I have gone on at length about the plot of Piatigorsky’s
play because it is so complicated. But the structure is also abetted by a
number of unique theatrical conceits, not least the double- and triple-casting
of parts. This gives, as Dunn commented in a wonderfully generous presentation
to my Introduction to Drama class (where we’re studying the play), each of the
actors a satisfyingly complex composite character arc, in which parallels
between different roles add thematic resonance and symbolic texture to the play
more generally. But it is tricky to at once suggest connections between different
characters played by the same actor and ensure that each character is
sufficiently distinguished in audience members’ minds. Happily, the entire cast
is up to the challenge. Then, too, there are the quasi-omniscient narrative
asides to the audience, also undertaken by all of the actors at different
points in the play, and also helping to problematize the idea of single
authorship. These could easily have become clichéd conspiratorial winks, but
the actors wisely vary their deliveries depending on the specific content of
the message they’re relaying to us, and their own conception of their authority
or vulnerability at that moment.
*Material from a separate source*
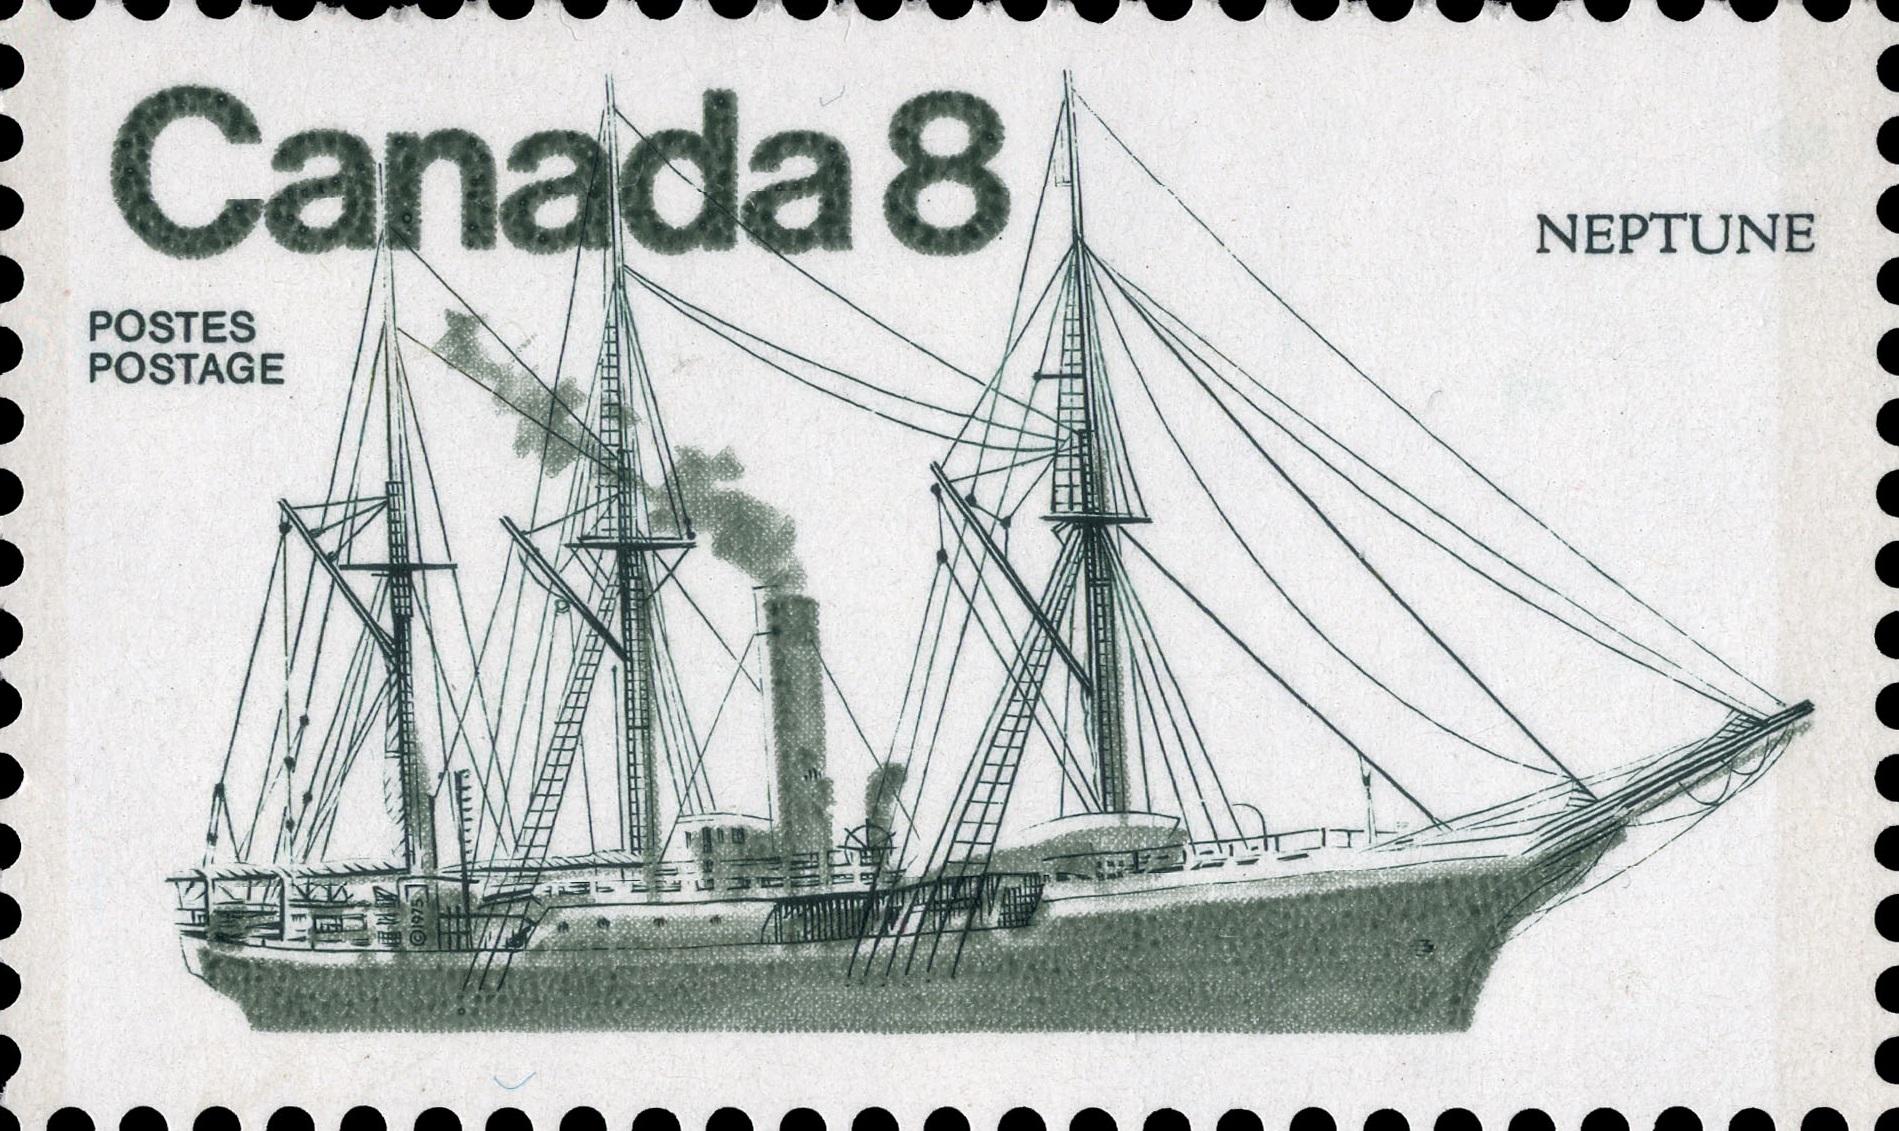 Neptune Canada Postage Stamp

All of this is further enhanced by Dunn’s
choice to use a thrust stage, with the outs to the audience thus occurring to
three different sides of the theatre space.
There is much more I could say about this gorgeous
production, including David Roberts’ amazing all-wood set, with its hidden
drawers and cubby-holes that are opened at different moments by the actors to
reveal crucial objects and icons. The sound design by Owen Belton is a rich mix
of period music and an original electronic score that Dunn suggested to my
class was like an impossible knot slowly being untangled. As apt a metaphor as
any for Dunn’s own incredibly patient and intelligent approach to the hidden
depths of this play—and to our experience in watching the results.